Aye yey yey…. silent but deadly….
Ready or NOT, here I come!
“Michael, why did u have to go?”
Does anyone have a midol?
“Yes, I went to Argentina; I’m soooo ashamed!”
Awwwww! The cat had to let the secret about the accident I had on the bed!
Mom never sees me on her bed when I cover my eyes!
I swear, what happened at the dog park was an accident, okay!?
You can’t see me!
“Oh woe is me! Mom’s going shopping and I can’t go!”
jeez put some clothes on!
Until you put on some clothes, I’m not looking.
Get a room!
No pictures yet, pawlease?! A star needs some private time too, ya know!
Note to self. “What happens at the groomer, will stay at the groomer.”
Hmmmm… Mom was right!! Writing my history notes on my paw was a bad idea!!

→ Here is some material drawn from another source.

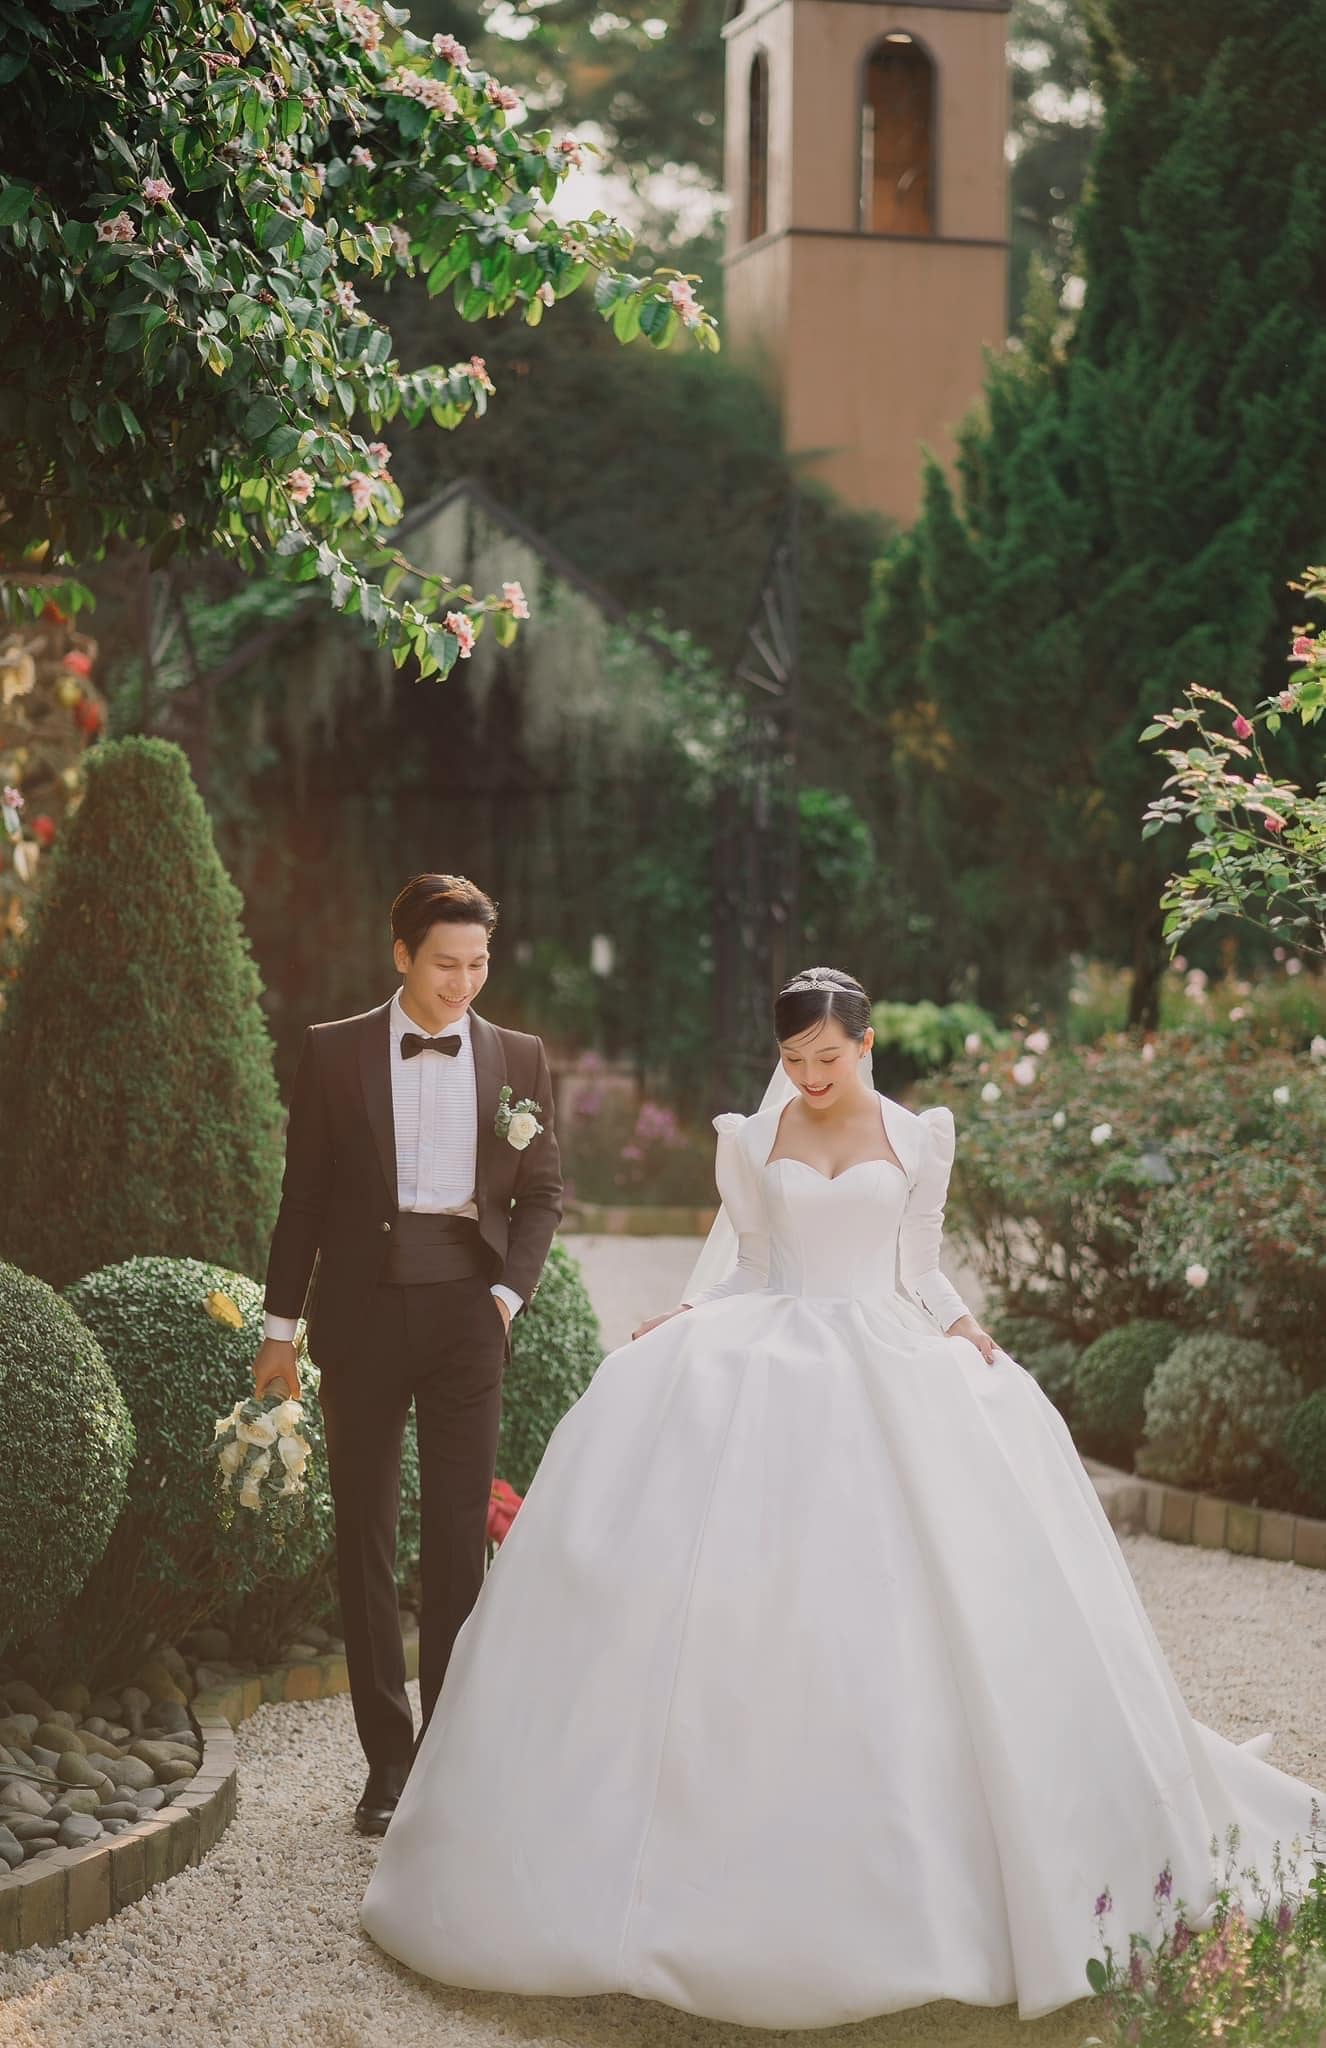 Album chụp ảnh cưới đẹp theo phong cách Hàn Quốc

“no mom ! that wasn’t an eye boogie, I swear !!”
1…2…3…Ready or not here I come!
How come every time we play hide-and-go-seek, I end up counting?
No, mommy, I’m not watching you change.
Dear God…Please make mommy give me my treats!
Daddy, I’m not crying, I’m wiping the tears off my face!
I can’t believe they put they decorated the bedroom this way. I can’t invite my friends over.
Not to be Melodramatic BUT you Stink.
Ooh such a cute dogie, reminds me of my little old Sam. I miss you, much!
Click here for espresso cup info.
I can’t see you, so you can’t see me. Therefore, you do not know that I am on the bed. Right?
I can’t see you, you can’t see me! La la la, I can’t here you!!!!
I am not here, I am not here. I cover my eyes, therefore I am invisible. You can’t seeeee meeeeeee!
serang malon
Oh I love that Febreeze smell.. Can’t get enough of it!!